**WORK REQUIRED:**
Leave the pictures out and restate every line below exactly.

**RECORDED INFORMATION:**
___
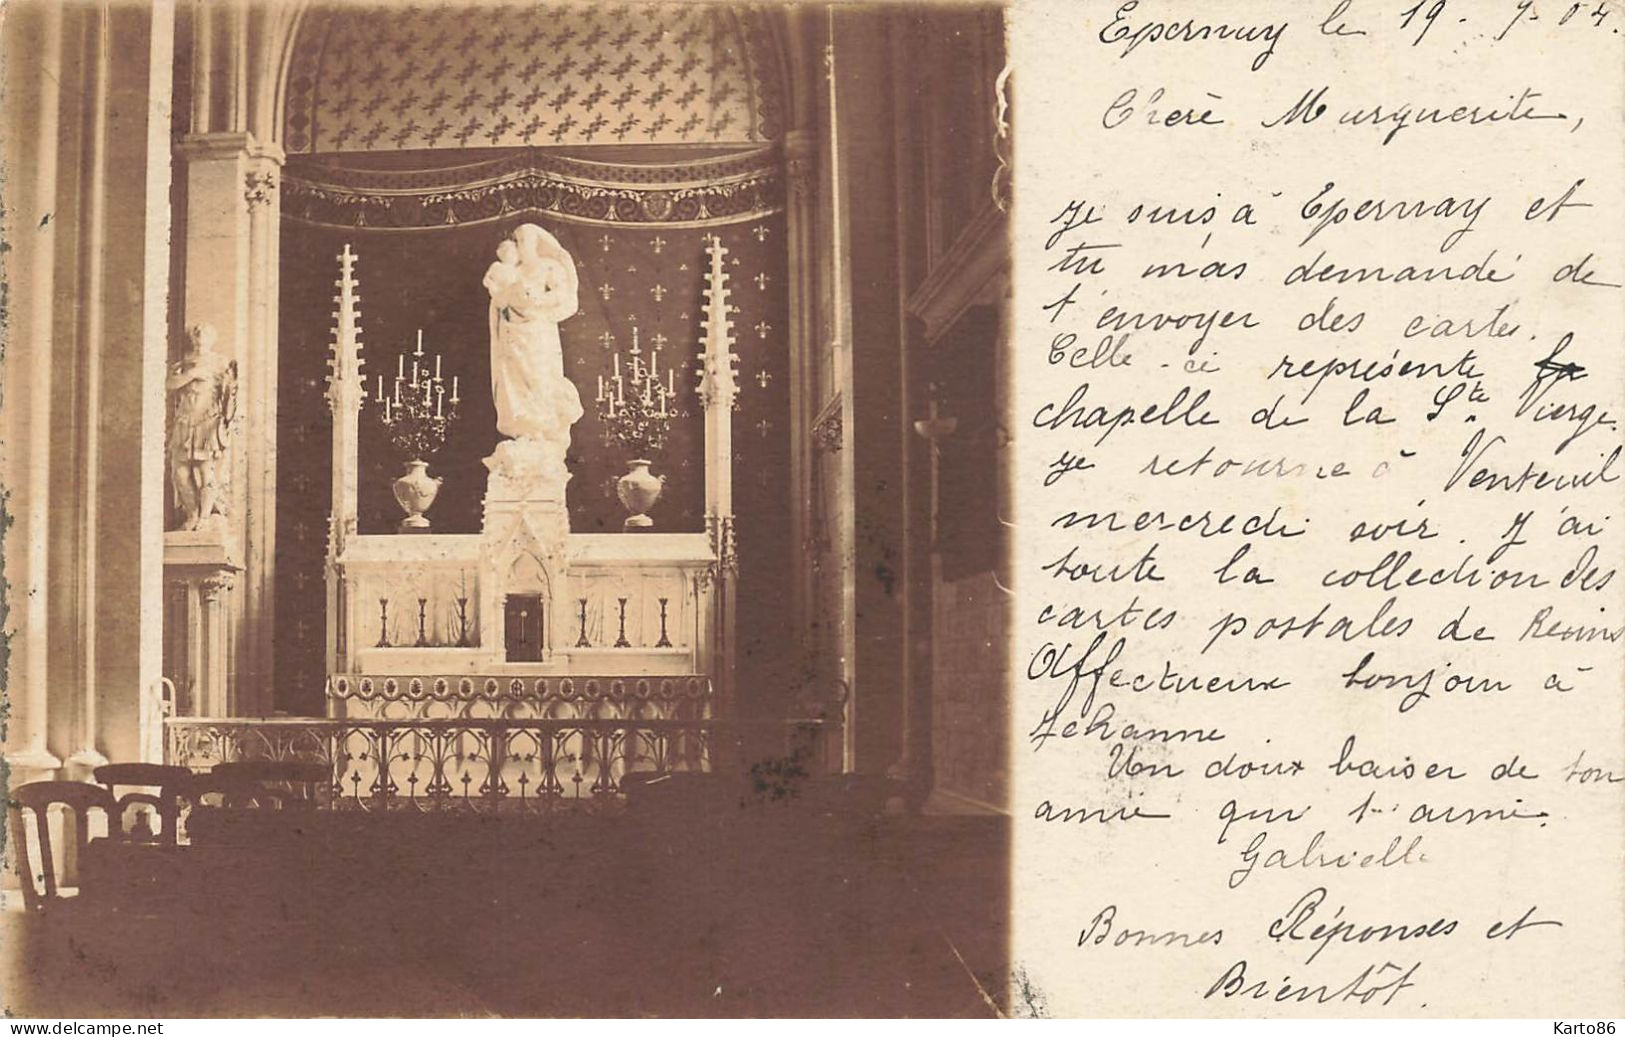 épernay * Carte Photo * La Chapelle De La Sainte Vierge * 1904 - Epernay
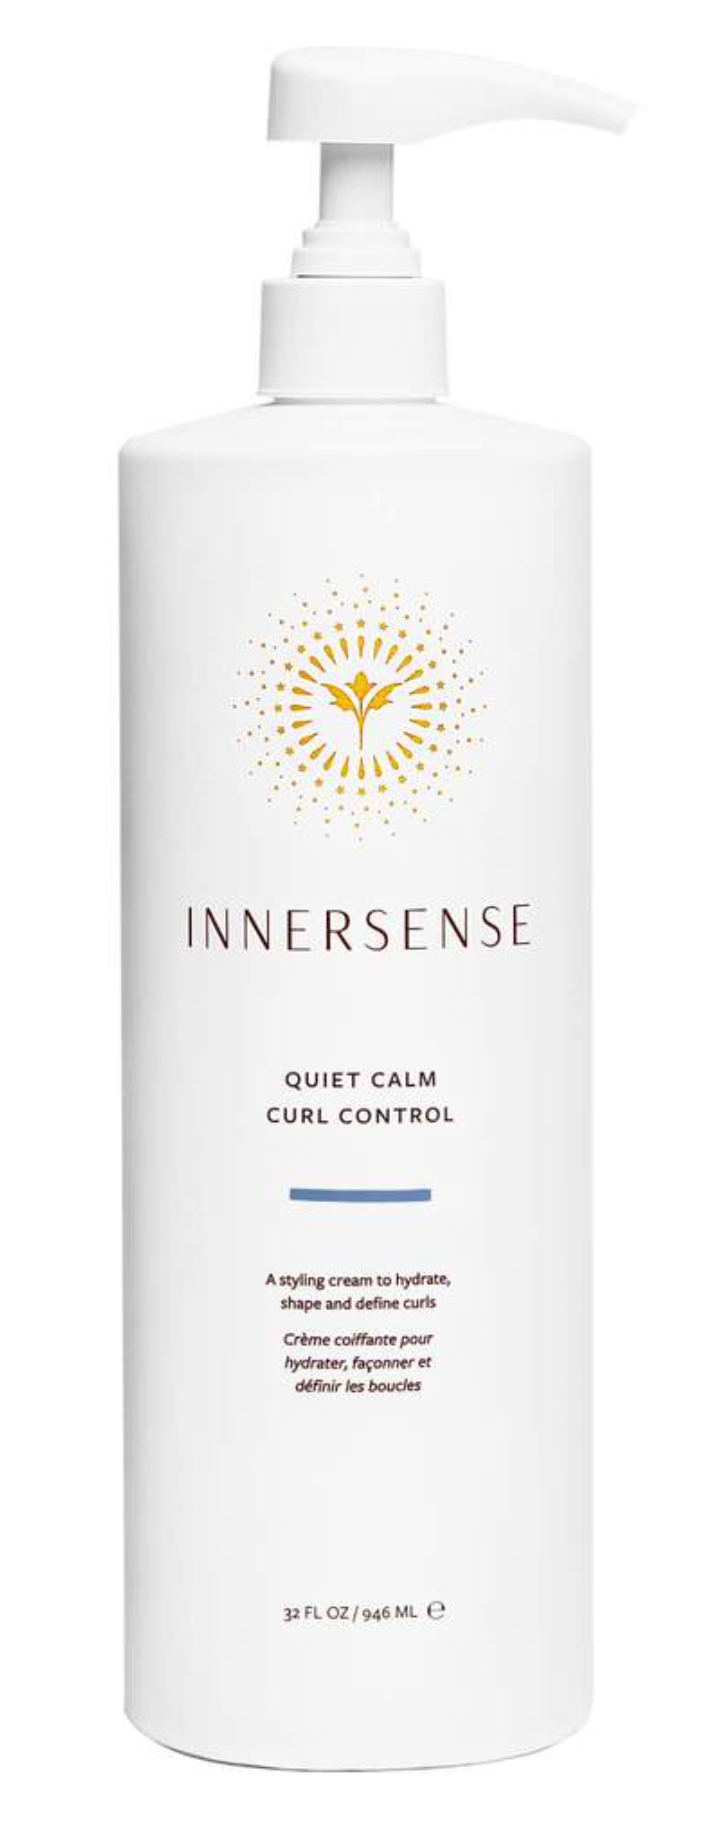 Innersense quiet calm curl control 32 oz. styling cream
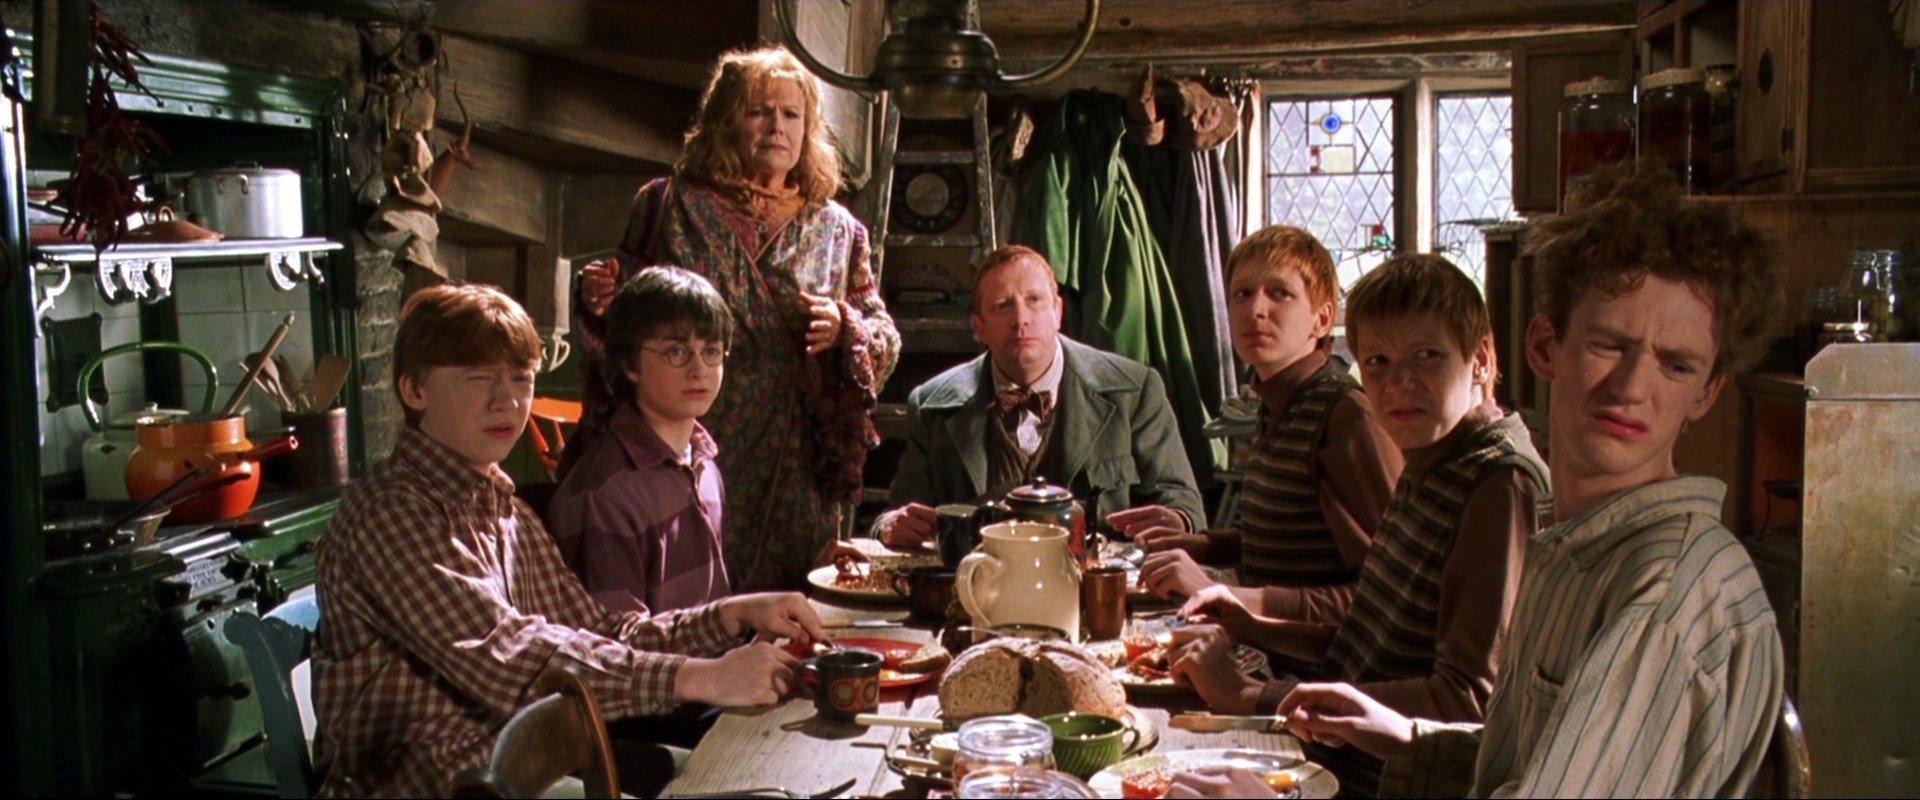 Wizarding Workshop in Porto traz ator de Harry Potter a Portugal
___
**SOLUTION:**
 épernay * Carte Photo * La Chapelle De La Sainte Vierge * 1904 - Epernay
 Innersense quiet calm curl control 32 oz. styling cream
 Wizarding Workshop in Porto traz ator de Harry Potter a Portugal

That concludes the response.